Can you try ray stop and run it again?

DanielAtKrypton commented 3 years ago

Still running. I will update as soon I have other output from the terminal...

Imgur

richardliaw commented 3 years ago

OK got it, so ray.init() is just hanging forever?

DanielAtKrypton commented 3 years ago

OK got it, so ray.init() is just hanging forever?

Yes, unfortunately it is.

richardliaw commented 3 years ago

OK. Can you try:

pip install -U [latest wheel link for windows] as found here:

https://docs.ray.io/en/master/installation.html#daily-releases-nightlies

and if that doesn't work, try downgrading to pip install ray==1.0.0?

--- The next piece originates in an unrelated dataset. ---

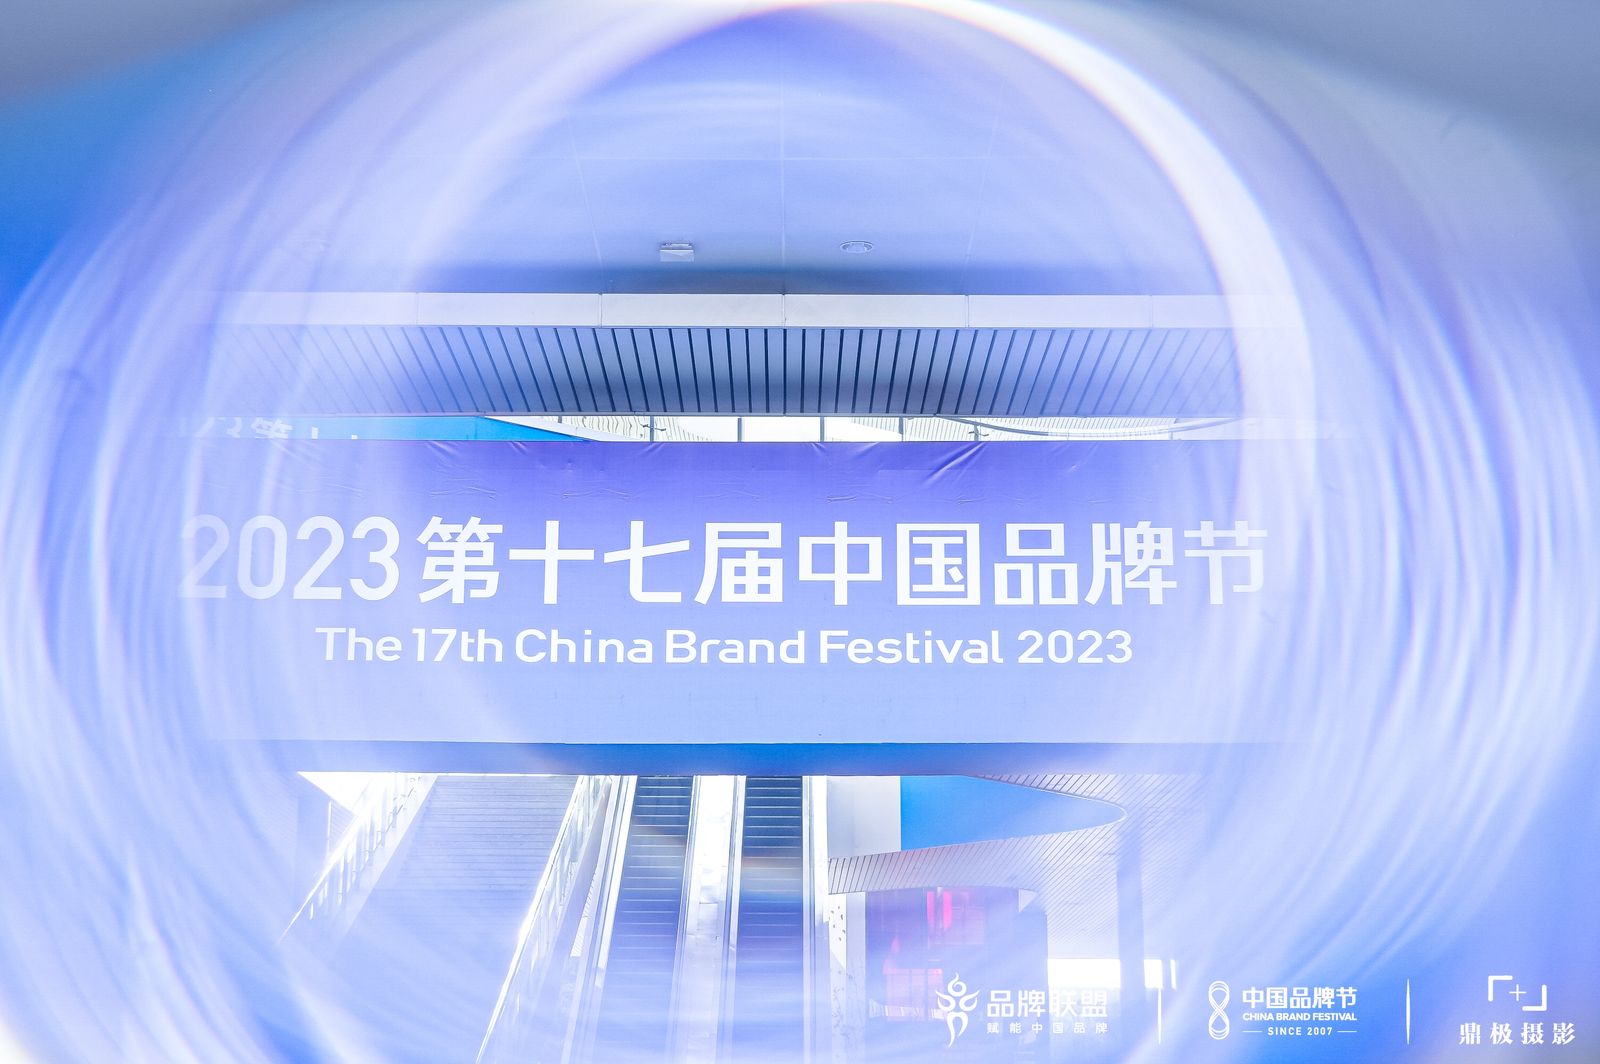 the 17th China Brand Festival 2023.jpg

DanielAtKrypton commented 3 years ago

I installed the latest wheel for windows and python 3.7.

Now it is behaving like this:

Imgur

I tried to open the dashboard in my browser but the browser was unable to connect there.

DanielAtKrypton commented 3 years ago

And ray status reports:

Imgur

richardliaw commented 3 years ago

try ray stop a couple times, then try the hello world again?

DanielAtKrypton commented 3 years ago

try ray stop a couple times, then try the hello world again?

I tried a couple times. It starts and hangs forever...

Imgur

richardliaw commented 3 years ago

Unfortunately this is a ray issue, and I'll close this and continue discussion on the ray side.

DanielAtKrypton commented 3 years ago

Source of this problem is being considered here.